Over the recent decades, rapid industrialization, the excess use of chemical reagents, and their improper waste disposal to the environment caused severe damage to the ecosystem. To get rid of these serious issues, the propitious solution would be finding a multifunctional catalyst system that could detect and degrade/inactivate the poisonous pollutants released in the environment. In this regard, core@shell structured Au nanodendrites@Au nanoclusters (AuND@AuNC) were prepared by a facile one-step inverted process using methionine for pollutant degradation and heavy metal detection.

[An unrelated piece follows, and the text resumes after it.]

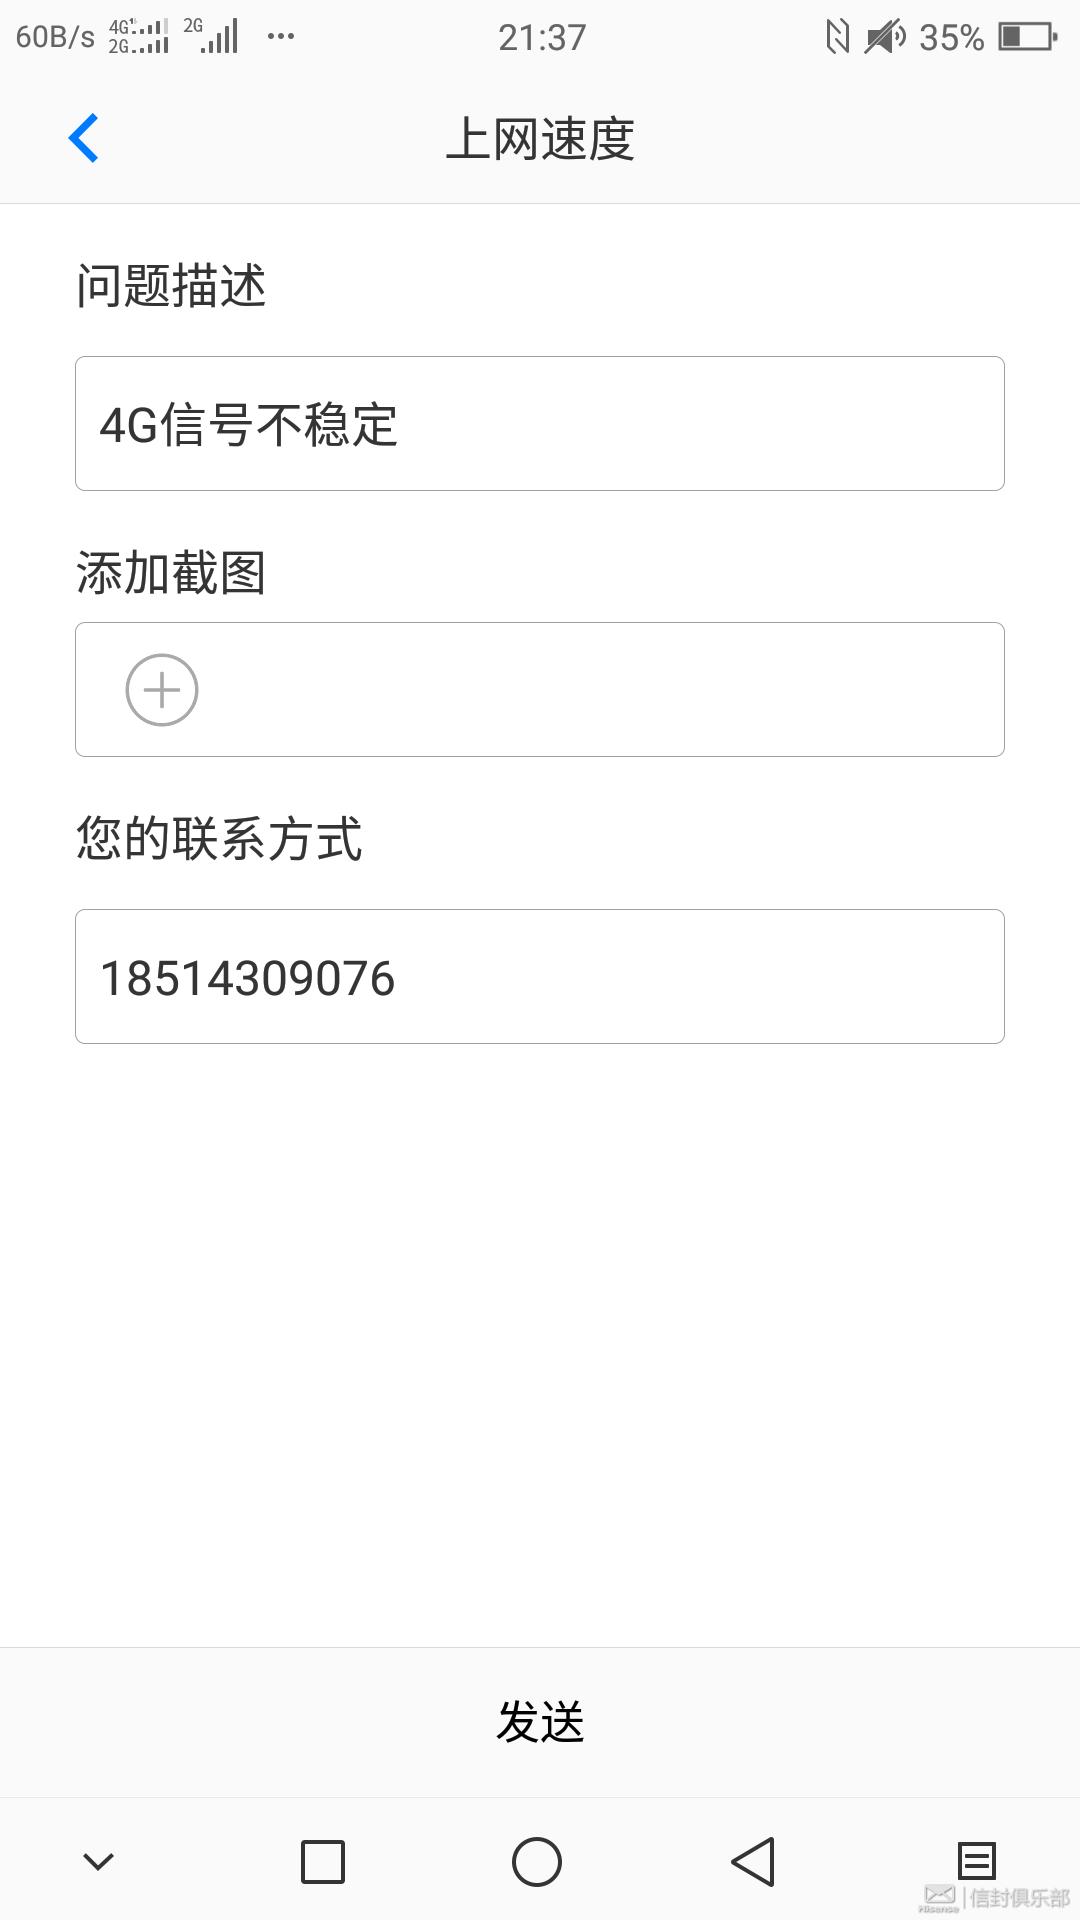 Screenshot_20180113-213709_问题反馈.png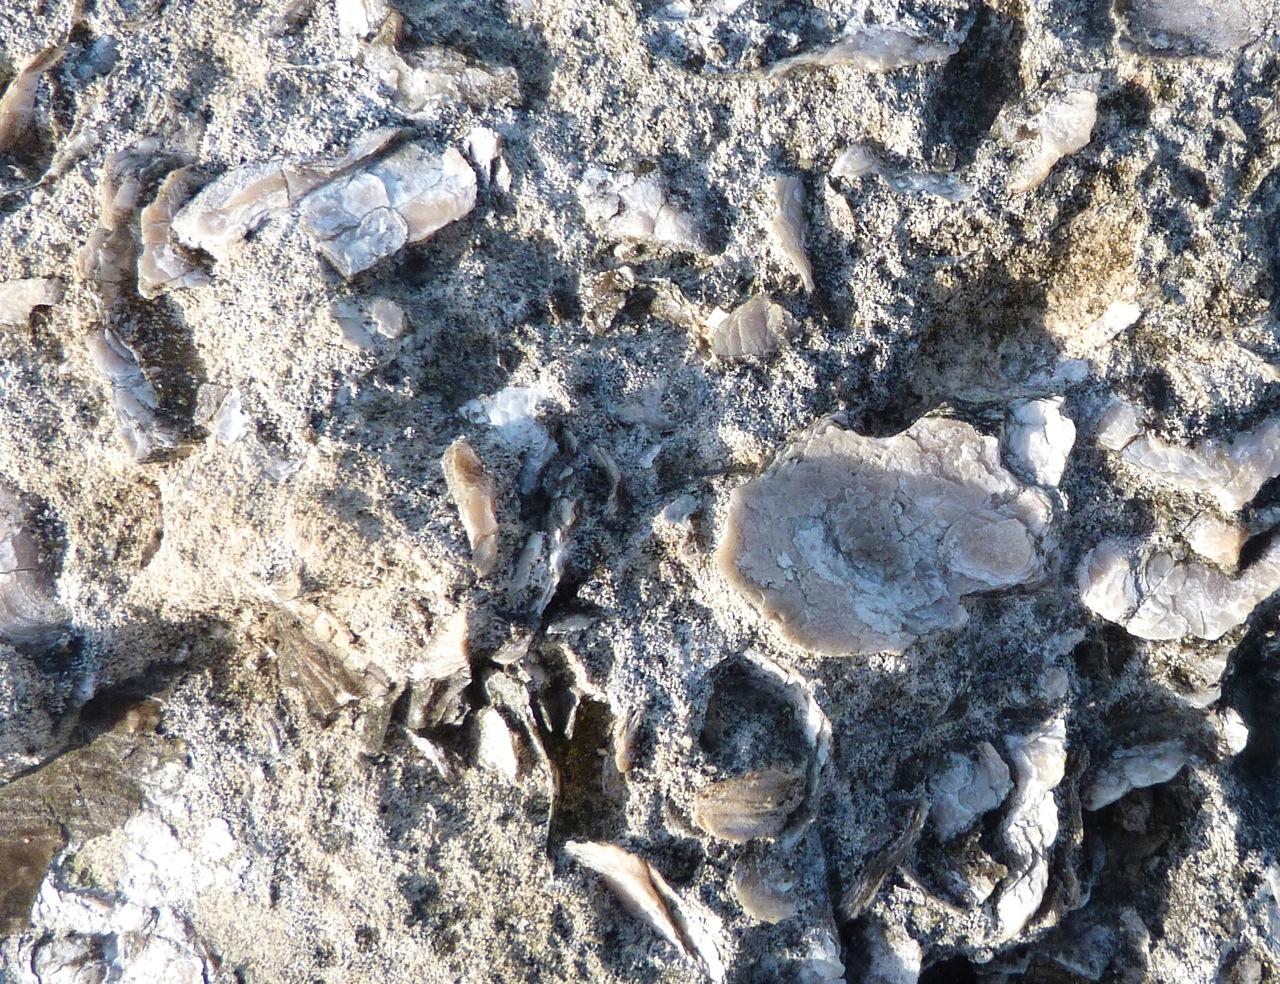 Portland Bill, Dorset - Rocks & Fossils 7

There is no surfactant, polymer, or seed was employed in the preparation of AuND@AuNC. In the preparation of AuND@AuNC, the concentration of AuCl4- was optimized and it was observed that beyond 1.5 mM of Au concentration, formed gold sols aggregate immediately. Prepared AuND@AuNC were characterized well using high-resolution transmission electron microscopy (HRTEM), selected area electron diffraction technique (SAED), X-ray diffraction (XRD), UV-Vis absorption spectroscopy, and X-ray photoelectron spectroscopy (XPS). Interestingly, the prepared AuND@AuNC demonstrates excellent catalytic reduction/degradation of nitroaromatic compounds and organic dye molecules with the aid of sodium borohydride. The results of the kinetic studies confirm the superior catalytic activity of present AuND@AuNC over already published results. Further, AuND@AuNC prepared with 1.5 mM Au concentration exhibits excellent colorimetric sensing behaviour towards cadmium ion (Cd2+) in the presence of 500 µM of interfering ions with a limit of detection of 2.5 µM. The excellent catalytic and sensing behavior of AuND@AuNC material is attributed to its unique structural features and methionine functionalization.